Gülseren Budayıcıoğlu’na göre kader motifimizi değiştirmek için öncelikle onu tanımamız gerekiyor. Bunun içinse nasıl bir evde dünyaya geldiğimiz, anne-babamızın nasıl olduğu, bize nasıl davrandıkları, içinde bulunduğumuz çevrenin nasıl olduğu gibi sorularla beraber kendimize “Hiç istemememe ve korkmama rağmen sürekli başıma gelen şeyler neler?” sorusunu da sormamız gerekiyor. Bu soruları cevaplamak ise kader motifimizi değiştirmek için attığımız en önemli adımlardan bir tanesi. Kendimizi, geçmişimizi, ruhumuzda taşıdığımız yaraları, zihnimizde yanlış konumlandırdığımız duyguları yeterince iyi tanımak ve herkesten önce bizim kendimizi anlayabilmemiz kader motifimizi değiştirmemizi ve kendimize daha sağlıklı bir gelecek inşa etmemizi de o oranda mümkün kılıyor. Hayatımızda devamlı olarak tekrar eden davranışları, başka bir deyişle sürekli olarak bir öncekinin aynısını yaptığımız motifleri değiştirmek için Budayıcıoğlu’nun sunduğu en büyük çözüm ise yazmak. 
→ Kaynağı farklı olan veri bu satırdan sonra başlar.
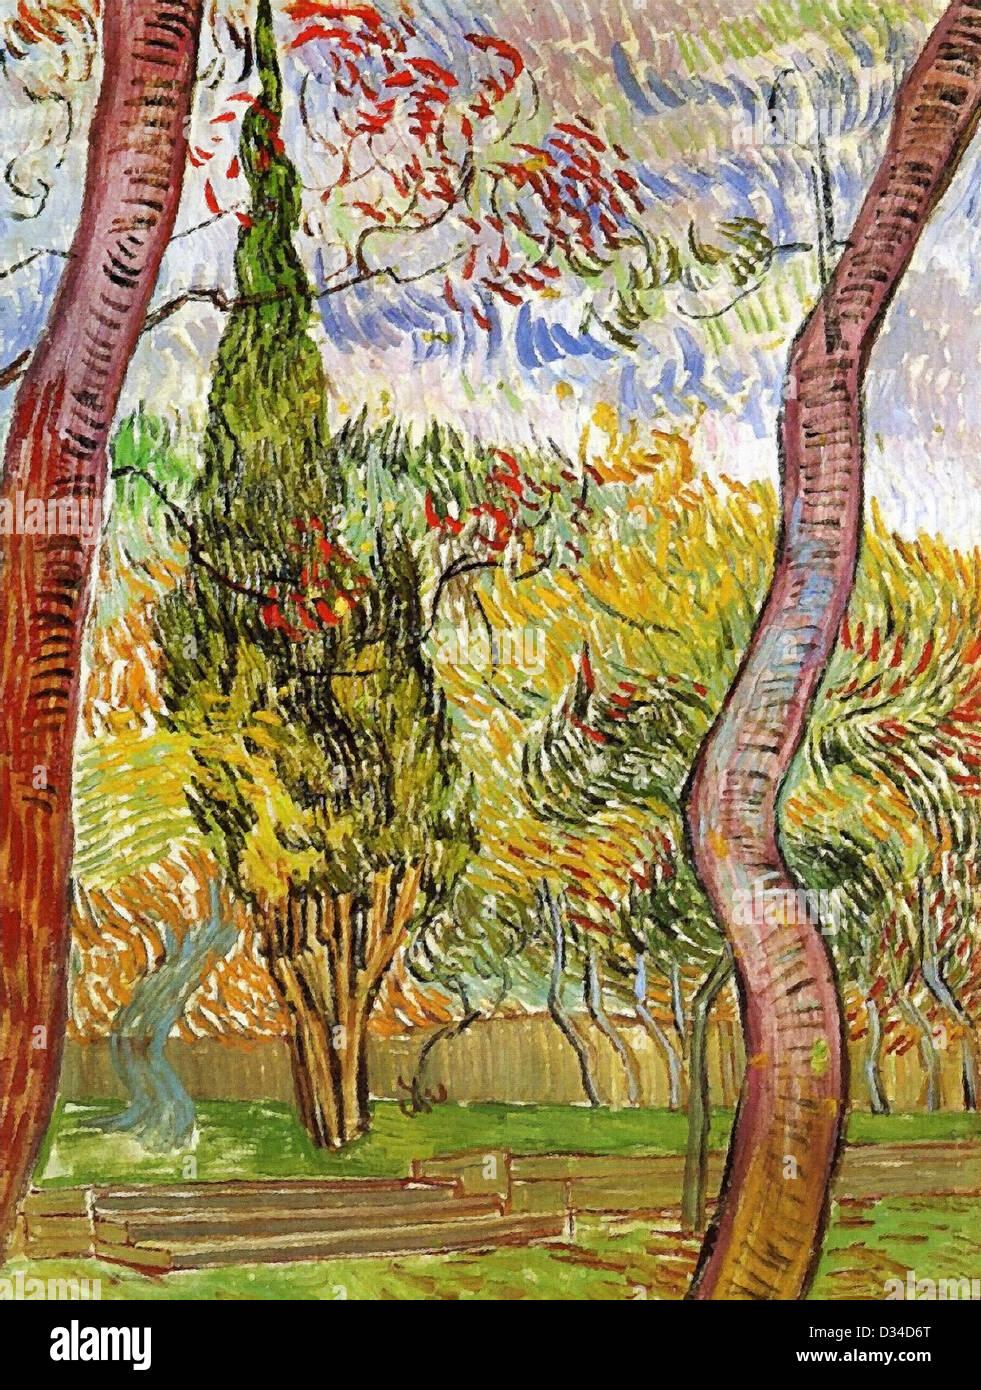 Vincent Van Gogh, der Garten von Saint-Paul-Hospital. 1889. Post-Impressionismus. Öl auf Leinwand. Stockbild

Hepimiz belki hayatın belki zihnimizin yoğunluğu ve sürekli olarak bizi kontrol etmeye çalışan yaralı duygularımızla kendimizi dinlemekten, devamlı olarak gösterdiğimiz davranışların bize fayda mı sağladığını yoksa zarar mı verdiğini düşünmekten çoğu zaman uzak düşüyoruz ve bazı farkındalıklar yaşamak için alarm görevi görebilecek somut şeylere ihtiyaç duyuyoruz. Öte yandan özellikle söz konusu artık alışkanlık haline gelmiş eski yaşantıları terk etmek gibi köklü değişimler olduğunda zihnimize ve kendimize somut bir şeyler göstermek; bazen sesli olarak söylemek yahut da onları yazmak da alacağımız verimi oldukça arttırıyor. Aynı zamanda devamlı olarak kendimizi kontrol etmek durumunda kaldığımızda kontrol edilmesi gereken davranışların, duyguların, düşüncelerin bir çizelge halinde tutulması ve her gün ilerleme olup olmadığının kontrol edilmesi aslında zihnimize ve yoğun duygularımıza şu mesajı da veriyor: Ben bu işi ciddiye alıyorum ve değişmek istiyorum.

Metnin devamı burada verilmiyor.